The EPA has yet to write the rules, but the bill’s language gives it broad flexibility.

The agency could choose to stand up an independent national green bank, as some advocates hope, or it could tap the existing network of two-dozen or so state and municipal level green banks and other non profit entities. Those intermediaries can be creative in catalyzing green solutions in communities. 

Green banks use low-cost capital, subordinated debt, credit enhancements and other tools to marshal private capital for projects that might not otherwise attract such financing due to their size, difficult economics or lack of performance data. The Connecticut Green Bank launched Green Liberty Bonds, modeled after the World War II Series-E bonds, that enabled retail investors to fund green infrastructure with sums as low as $1,000. 

The Greenhouse Gas Reduction Fund’s green bank (or banks) could be similarly creative. It could buy up loans from lenders including CDFIs and MDIs to create liquidity and free up  capital. Or it could create a nationwide loan backstop to catalyze private investment in low income communities. 

Inclusive Prosperity Capital, a national nonprofit investment fund spun out of the Connecticut Green Bank, works with the credit union network Inclusiv to provide guarantees and loan-loss reserves to help lenders get comfortable with green loans in low income communities. 

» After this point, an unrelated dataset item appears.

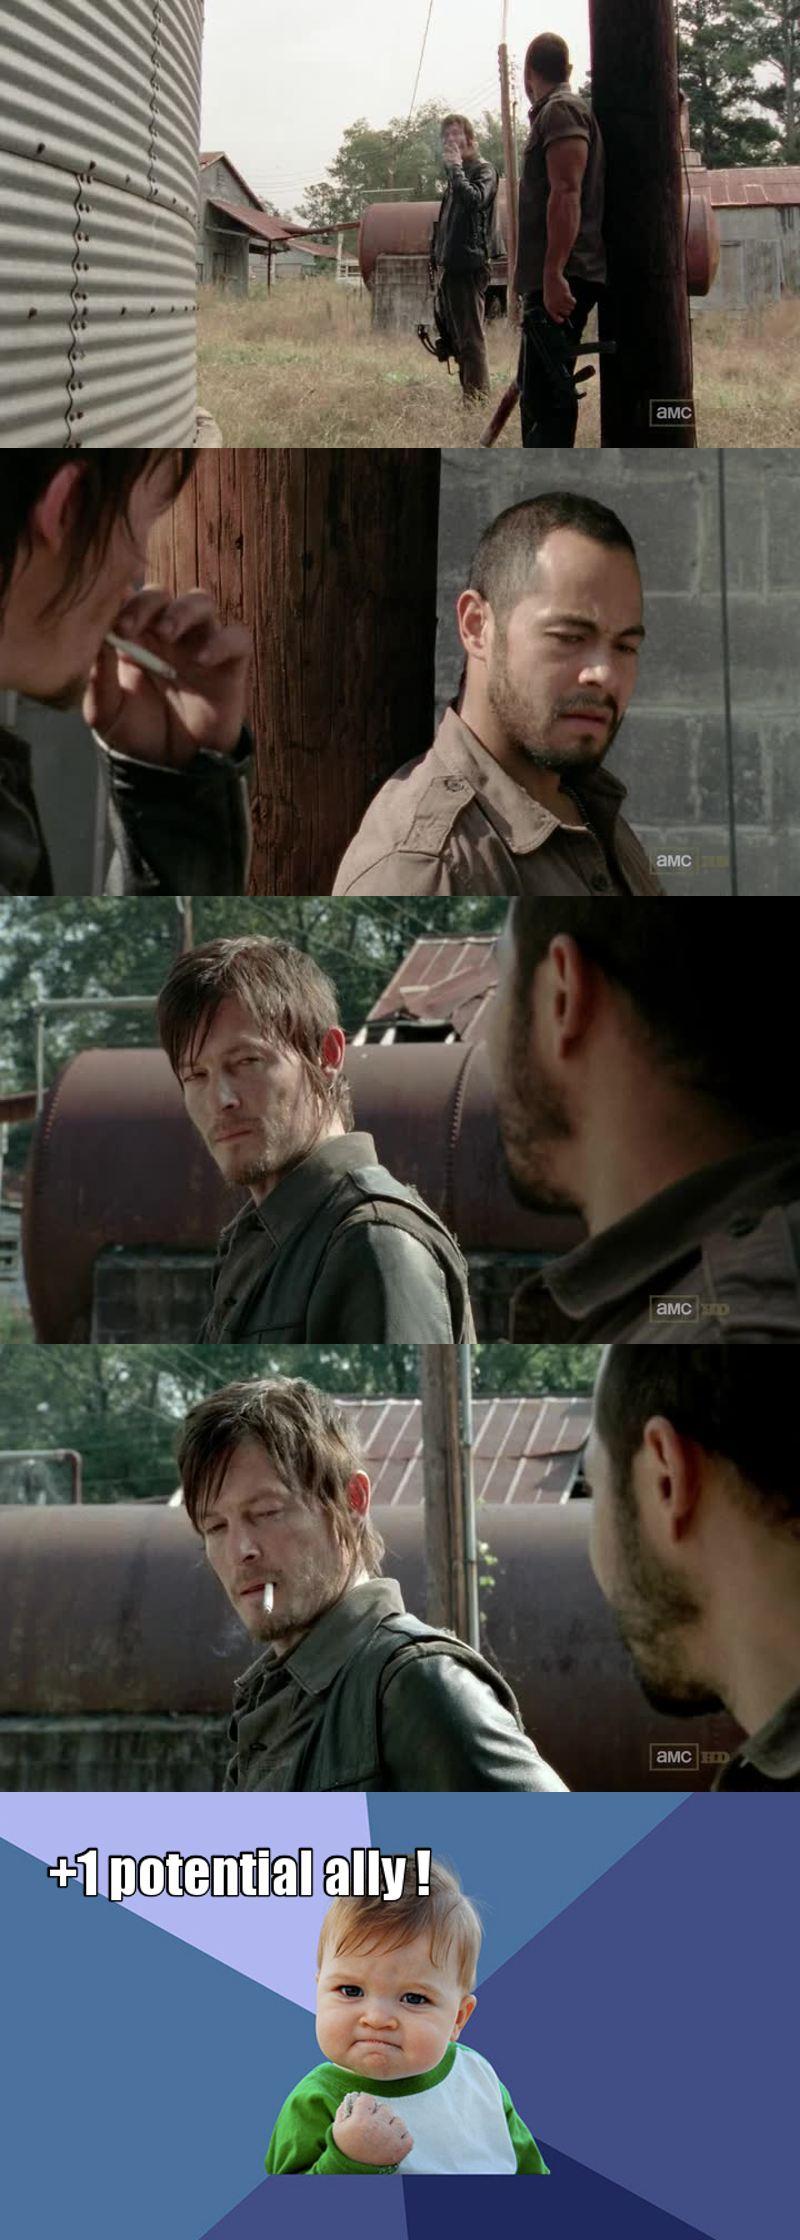 Fraternisation avec l'ennemi ! Bien joué Daryl !! J'espère juste que ça va porter des fruits et qu'ils ne vont pas s'entretuer deux jours après...

“Imagine that relationship on steroids with a national credit enhancement,” ICP’s Kerry O’Neill says. “How can we unlock even more by looking at productized approaches to engage the capital markets?”

With the signing of the broader Inflation Reduction Act, the EPA has 180 days to design the GHG Reduction Fund and begin making grants. 

“We would expect that the EPA would, within the next few weeks, be putting out a request for information, including its vision for community engagement, with a short turnaround time, followed by a Notice of Funds Availability that incorporates the feedback,” said NRDC’s Sims. 

“We know that the process of getting the IRA over the finish line didn’t accommodate community consultation and input,” adds Sims, so “it becomes even more critical for the next steps to be well thought out and as inclusive as possible.” 

The nation’s network of lenders working in disadvantaged communities are lining up. “We will be advising EPA that CDFIs are the perfect lenders to operationalize some of these funds for low wealth communities,” said Vasiloff of OFN. 

Calvert Impact Capital’s Bafford is working to dispel the confusion for CDFIs. “This can be a catalyst to unlocking investment in places where the market is not naturally going,” she says. 

Earlier this month, Sen. Mark Warner (D-VA) and Sen. Mike Crapo (R-ID) launched the Senate Community Development Finance Caucus to support CDFIs. The Biden administration sought input from community finance leaders in creating the Economic Opportunity Coalition launched last month to promote investment in disadvantaged communities. 

“I think there is broader recognition of the importance of this community finance ecosystem within the financial system,” says Bafford. “But it remains to be seen how that will translate into real resources and action.”